I had chopped most of my hair off before coming and I ate a crepe almost every day from the crepe stand next to my apartment building. I still found Paris beautiful in the rain, which I considered a marker of a great city—if you love it in the rain, then it must be truly magical. Sometimes I longed for warm afternoons reading outside at the sidewalk café I frequented near my student housing, but I was also content on the occasional blue noon, inside said coffee shop in the 11th, reading James Baldwin for our class as the slowness of the city enveloped me.

I was elated to use my French for the first time in a couple of years, and my heart swelled when Parisians asked me if I was a Spaniard—surely an American would never speak such perfect French, they exclaimed.  (But I do, I thought quietly.)

I also took note of the fact that when my classmates and I traveled together, I, along with the Asian and African American women, received the most unwanted attention from passersby, usually accompanied with racialized dénouements. I awkwardly translated “delicious Chinawoman” to my Korean classmate and “chocolate queen” to my African-American ones.

“Wow, you guys are so popular here!” exclaimed my classmate.

Yes, popular, I thought cautiously.

We went to so many museums—from the famed Louvre and Orangerie to the lesser known slave ship installation in Nancy and the Museum of Eastern Art. We spent the entire time in the Louvre in the “Oriental Art” wing, to discuss depictions of Orientalism and the exotic within these gilded frames.

I was so excited to go see the Odalisque by Jean-Dominique Ingres, in person, because I had decided my senior year of high school, in AP Art History class, that it was my favorite painting of all time. She was no less stunning in person, but she made me sad. She was in the Romanticism and Oriental wing of the Louvre, and the painting was famous because it was a depiction of an anatomically incorrect Moroccan concubine. Not only is her skin lily-white and her features unmistakably European, but her back was super-human in its length—he had painted her with three extra vertebrae. She was not a woman but a phantom of exoticism, of lust for the foreign. Napoleon’s trip to Egypt had spawned the Romanticism movement in Western art, but it didn’t escape me how all the depictions of Middle Eastern women featured them with porcelain skin, and almost always as prostitutes.

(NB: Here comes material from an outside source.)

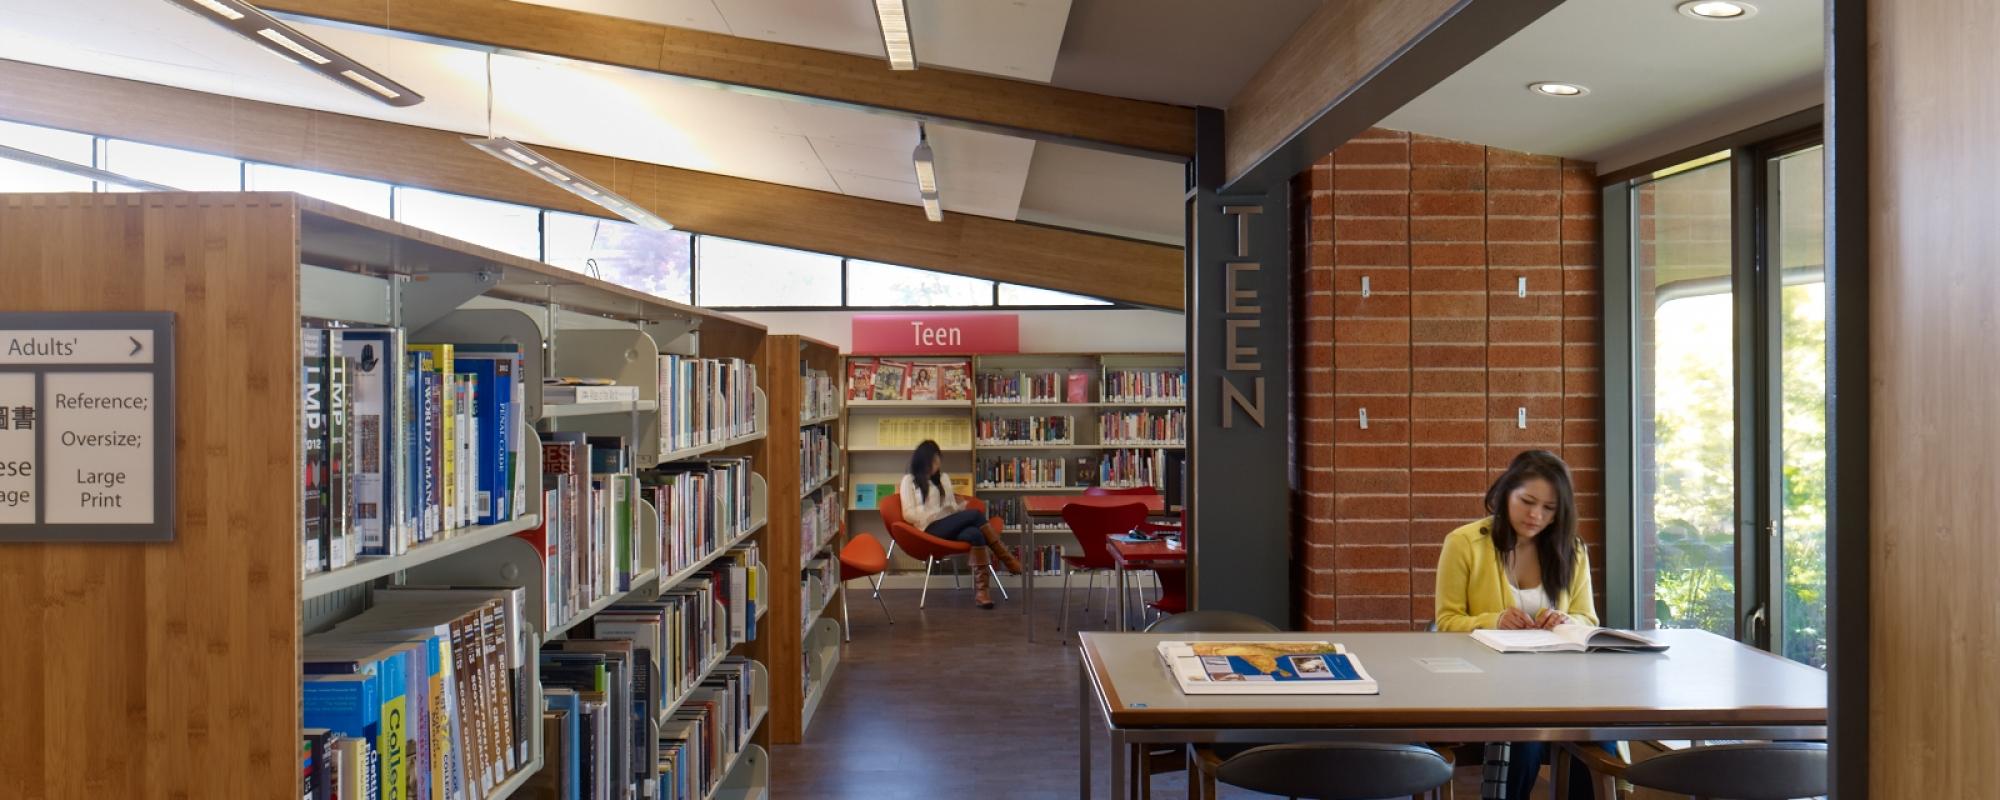 Merced Branch Library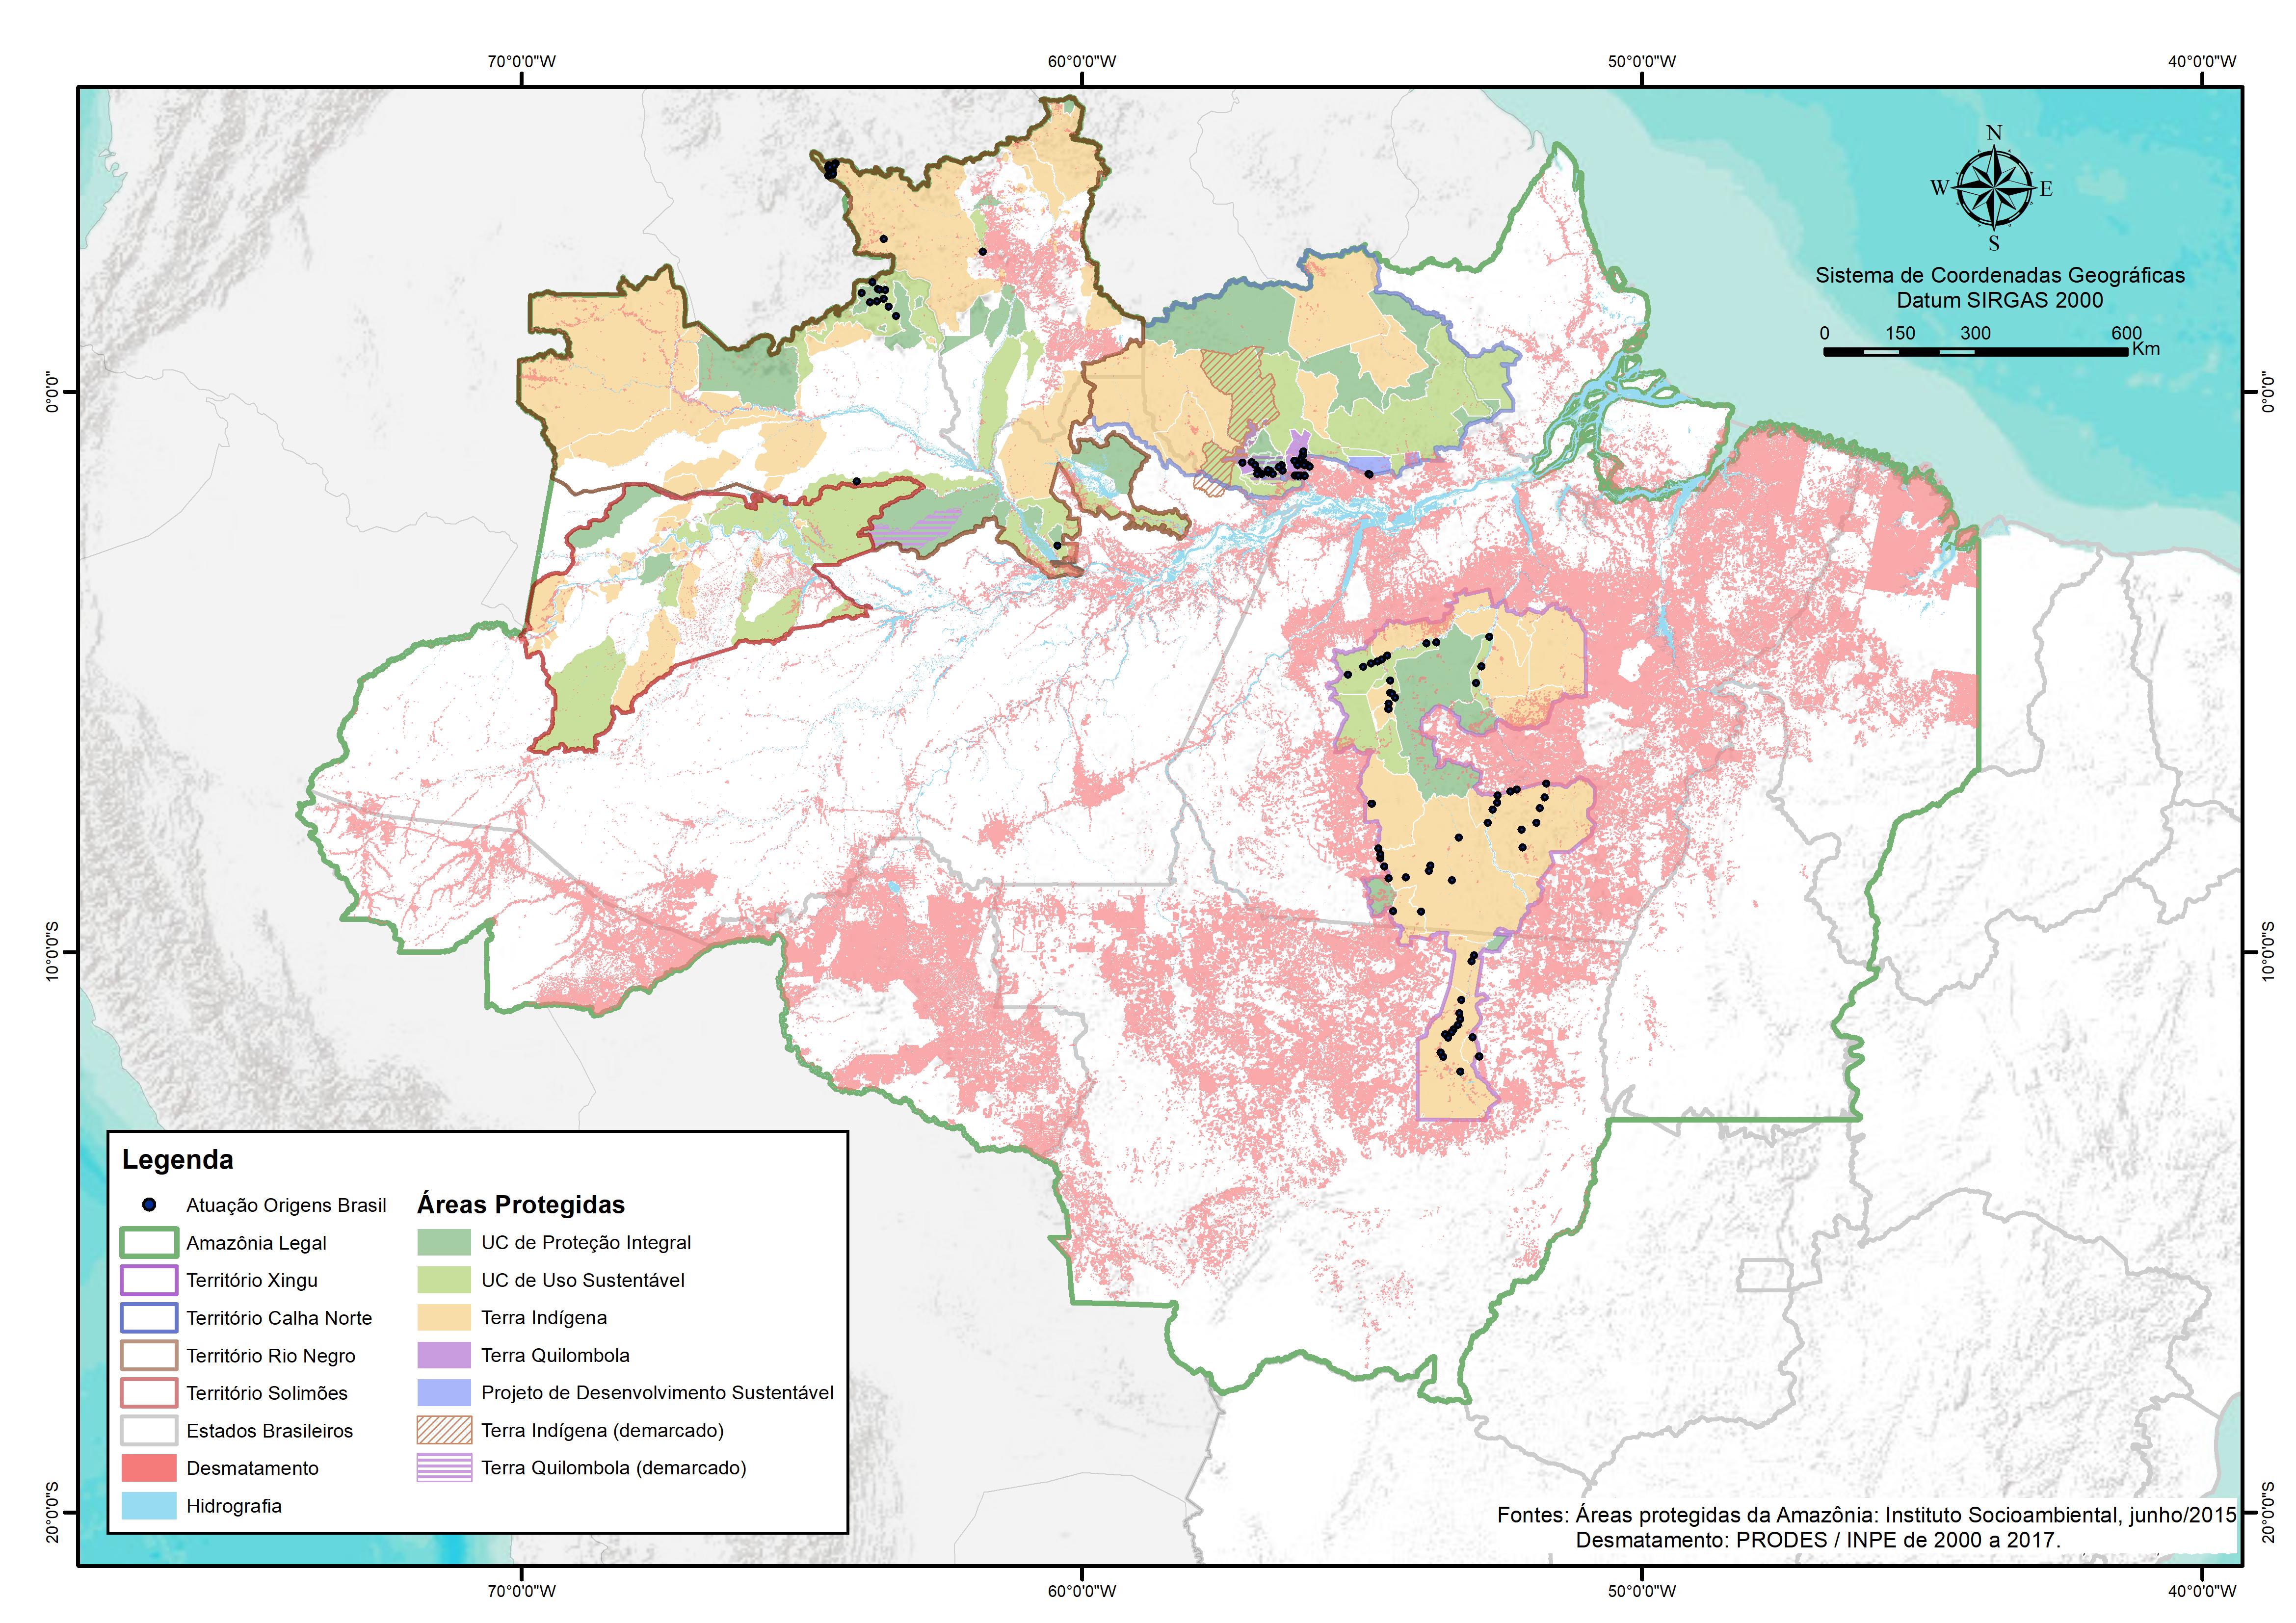 te_CalhaNorte_Xingu_RioNegro_Desmatamento_A4_2019.png

The boy I was sleeping with and thinking about constantly was in Turkey for part of the time I was in Paris. “Send me a picture of Turkey,” I texted him one night. He sent back a picture of a half-nude dancer spinning in a circle. “Frisky,” he commented. I found this exchange funny and intimate at the time.  Truly, it was neither.

That was the first summer that I was really smoking. I would smoke Marlboro Golds or if I could find them, American Spirits. I had a balcony in my little apartment that overlooked the courtyard and I would ash my cigarettes on the bed of roses below me. French cigarette boxes were very aggressive. They featured pictures of deformed fetuses, black lungs, black livers. FUMER TUE, each box would say. “Smoking Kills.” Oh well, I thought. I’m made of rubber and magic for a bit longer. It turned into a four-year long habit.

During the middle of the summer semester a friend from high school came to visit me for a week, as a stopover before his internship in London. One night, as we lay awake talking in the dark, he asked me, “Was NYU everything you thought it would be?” I thought to myself, no…but I’m not sure if that’s entirely a bad thing.  I’m plagued by the ebb and flow of a gnawing emptiness I can’t explain, and despite being surrounded by a constant frenetic energy of possibility, it doesn’t feel accessible to me.

“Definitely,” I responded.

The class I was taking was called “Black in the City of Light.” It was an exploration of the African-American artist exodus to Paris that had occurred around the same time as the storied Lost Generation—your Hemingway, your Stein, your Fitzgerald. Facing barriers of both systemic racism and codified racism in the States, artists received a degree of freedom and reverence in Paris that they did not in America.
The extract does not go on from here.